In Athena’s case, this matters because the SPAC has extended its merger deadline repeatedly. Each extension increases the risk that warrants expire before the underlying shares have moved far enough to create profit. Extended timelines benefit the SPAC (more time to find a deal), but they hurt warrant holders by eating away at time value.
Why investors buy warrants
Investors buy warrants for leverage. They offer outsized upside if the underlying stock rises sharply, while the downside is capped at the warrant’s purchase price. Put differently, a warrant holder’s maximum loss is what they paid for the warrant; a shareholder’s loss is much larger if the stock crashes.
For a SPAC like Athena, warrant buyers are betting that the merged company will be a winner. If the target is a breakout technology success, warrant holders capture significant gains. If the target is mediocre or the merger fails entirely, warrants expire worthless. This makes warrants the speculative end of SPAC investing.
Risks specific to SPAC warrants
SPAC warrants carry SPAC-specific risks: the merger may fail, the target may disappoint post-merger, the combined company’s stock may underperform despite solid fundamentals, and management may make poor capital allocation decisions. But warrants also carry instrument-specific risks.
First, the strike price may be too high. If Athena acquires a company and its stock settles at $8 while the warrant strike is $11.50, the warrant expires worthless even if the company is well-run. The strike price was set at the SPAC’s inception when the future target and market conditions were unknowable.
Second, liquidity can evaporate. SPAC warrants can have thin trading volume, meaning large positions may be hard to exit near fair value.
Third, corporate actions—stock splits, reverse mergers, special dividends—can affect warrant terms. The warrant agreement specifies how these events alter the strike price or number of shares, but surprises are possible.
From issuance to expiration: timeline
When Athena completes its merger (if it does), the warrant expiration clock starts. Warrant holders then have approximately five years to exercise or watch their warrants expire. The warrant agreement specifies the exact schedule. Some warrants have call provisions allowing the company to force early redemption if the stock rises above a threshold (often 150% of the strike price), which would force warrant holders to exercise or lose their position.

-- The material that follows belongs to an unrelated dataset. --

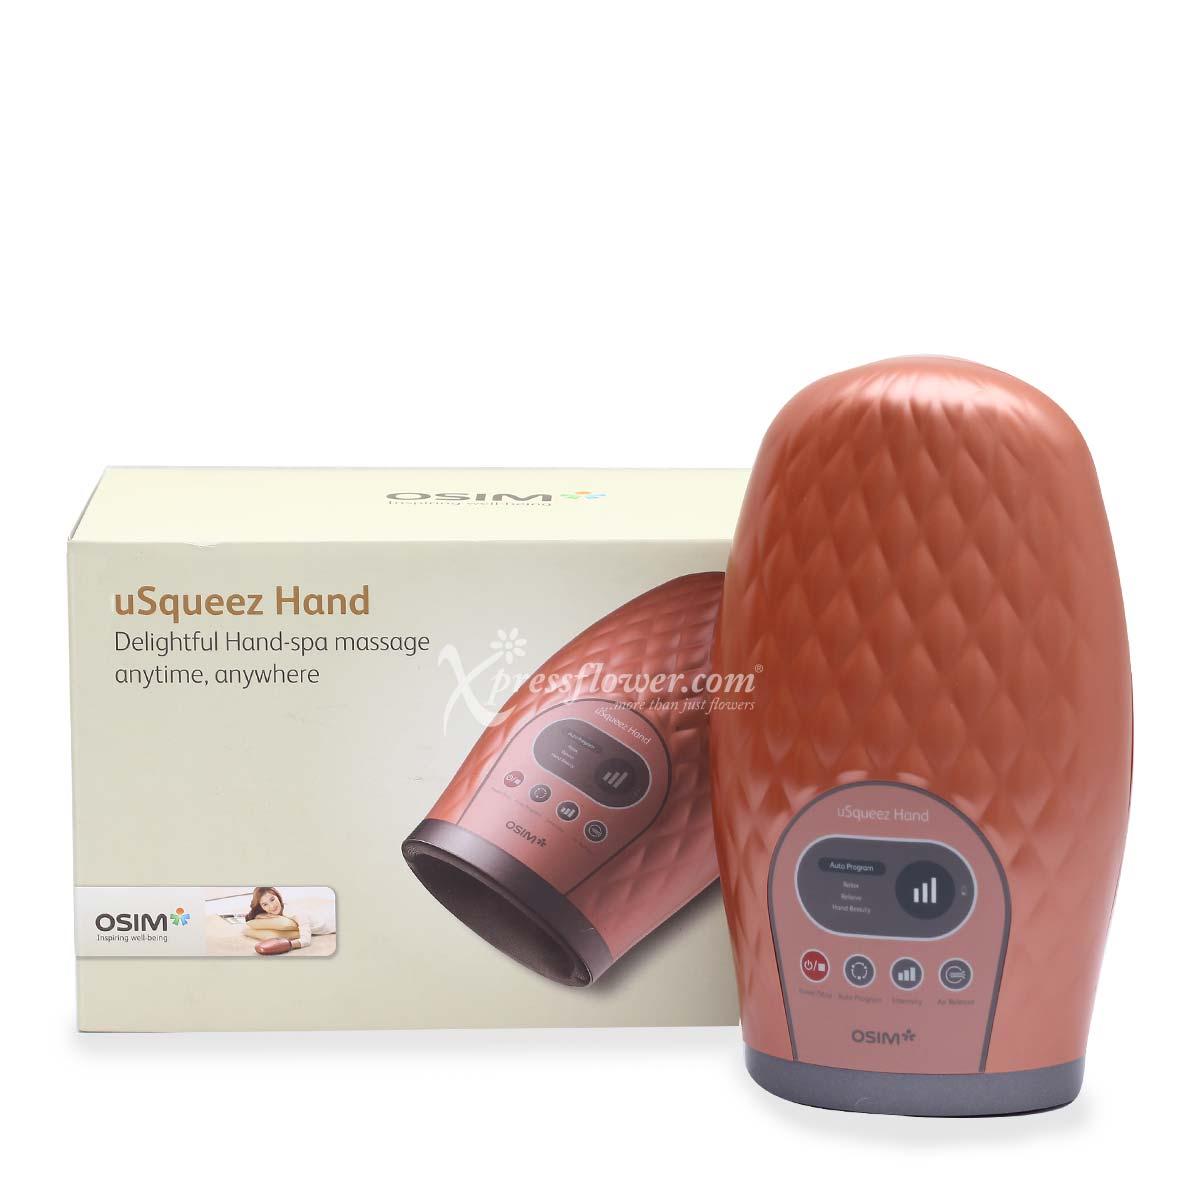 uSqueez Hand Hand Massager

How to research SPAC warrants as an investment
The warrant agreement itself is filed with the SEC and governs all terms: strike price, expiration date, adjustment provisions, call rights, and any other conditions. This document is not light reading, but it is the authoritative source.
For valuation, understand the spread between the stock price and the strike price, the time remaining, and the implied volatility of the underlying stock. A warrant trading above its intrinsic value is pricing in time value and probability that the stock will move higher. Compare this price to similar warrants or traded options on comparable companies.
Track Athena’s progress toward a merger announcement. The longer the SPAC drifts, the more warrant time value erodes. Once the merger is announced, the target company’s fundamentals become critical—its market, competition, unit economics, and management. Warrant holders are ultimately betting on whether the merged company’s stock will exceed the strike price by enough to justify the warrant premium.